Friday, April 17, 2009

Boo

“Every single thing I value in life has been destroyed. And I am allowed no explanation? I am to suffer hell without any account from heaven? In that case, what is the purpose of reason, Richard Parker? Is it no more than to shine at practicalities-the getting of food, clothing and shelter? Why can’t reason give greater answers? Why can we throw a question further than we can pull in an answer? Why such a vast net if there’s so little fish to catch?”


I like using books/music to deepen my moods. That's probably not as unique as I like to think it is, but I feel my level of enthusiasm for completely immersing myself in a particular mood is refreshing and different. Feeling a sense of loss? Read The Life of Pi. Listen to Lonely Girl. Do them both a dozen times until you're absolutely sure that the only feeling relevant in your life at the moment is loss.
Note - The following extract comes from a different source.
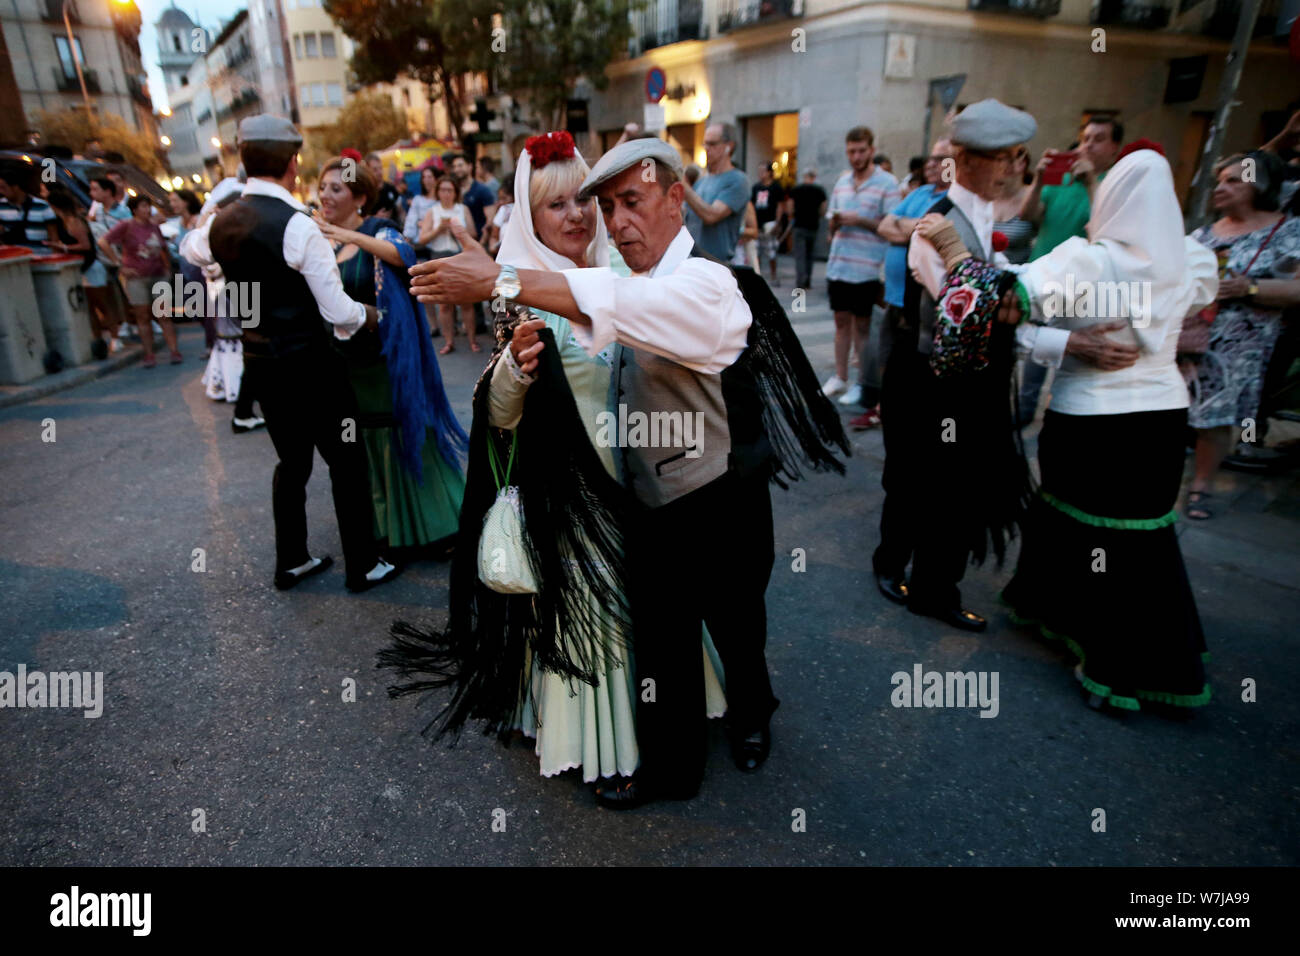 Madrid Espagne ; 08/06/2019.Summer parties Madrid, Espagne commencer avec celle de San Cayetano dans le quartier de Lavapiés, les gens descendent dans les rues, boire, danser et se rafraîchir la nuit de 30 degrés Celsius et essayer de maintenir leur idiosyncrasie, et leur identité à l'encontre de l'embourgeoisement, expulsions et crises économiques qui sont accentuées dans ces espaces. Et Chulapas Chulapos (c'est ainsi que les habitants des quartiers de Madrid sont nommés) chotis danse Danse (autochtone) dans les rues avec leurs vestes à carreaux avec un œillet à la boutonnière et le chapeau (ils) et de leurs robes avec leurs sha Banque D'Images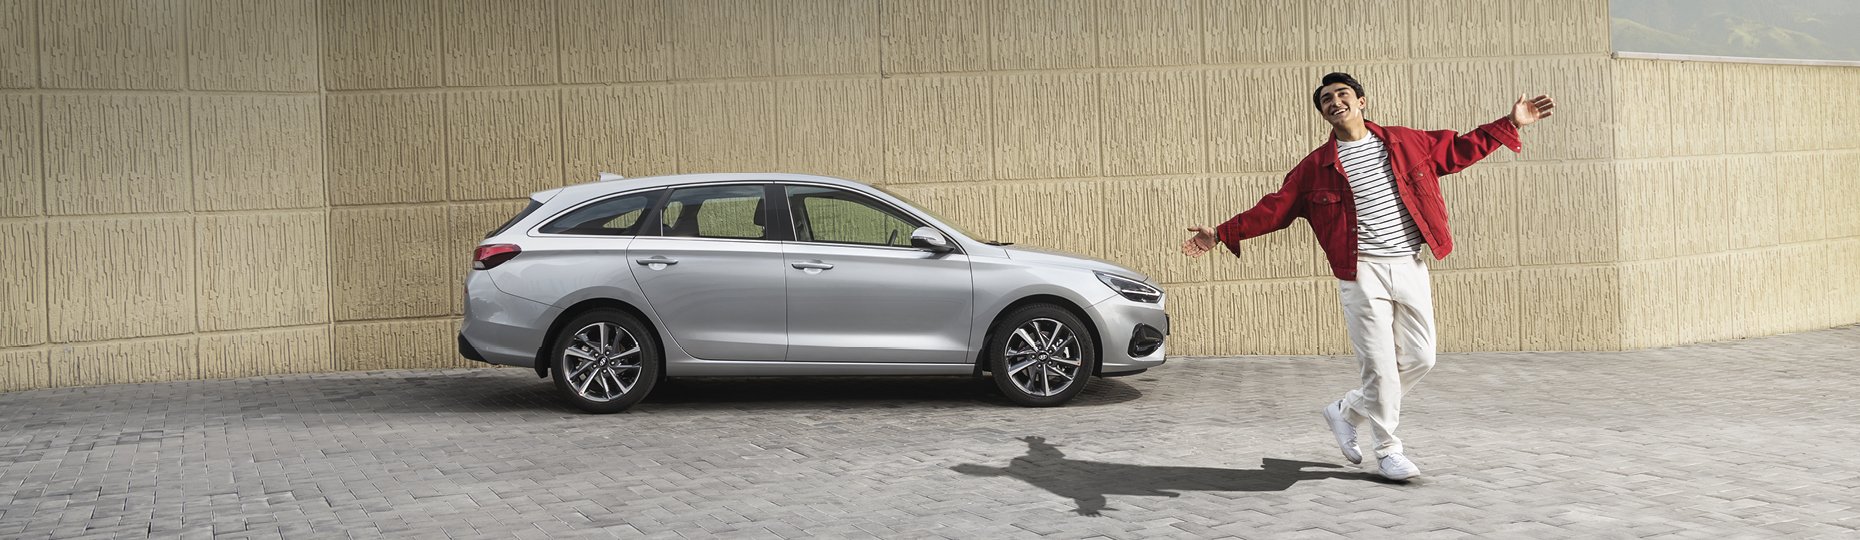 Производительность новой Hyundai i30 | Официальный дилер в Шымкенте

I've been in a foul mood this week. The school that I was 99% sure I'd be attending screwed me, and now I have to change all my plans. I still get to go to a top school for free, but it's not the ideal situation that I'd intended, and I firmly believe that I am destined to receive everything I desire in this world. On top of everything else, the new law school has grades whereas the old one didn't so now I can't just shoot for the middle knowing they'll have no way of telling me apart from the other students.

Now I'll need to make plans to fly across the country again to go apartment hunting. Bleh.

After careful consideration and increasing boredom and loneliness, I've decided to get a job despite not needing one. You'd be surprised how humanizing it is just be be able to interact with people for a mandatory 8 hours a day. On top of that, I'm becoming more and more worried about having to explain away this year of unemployment, so at the very least I'm going to start doing some volunteer work or something. Ideally, volunteer work that can be done from the comfort of my couch.

Oddly enough, these months of couch sitting have become an impetus for heathier living. Since I don't get exercise elsewhere, I make a point of eating (kinda) well and going to the gym several times a week.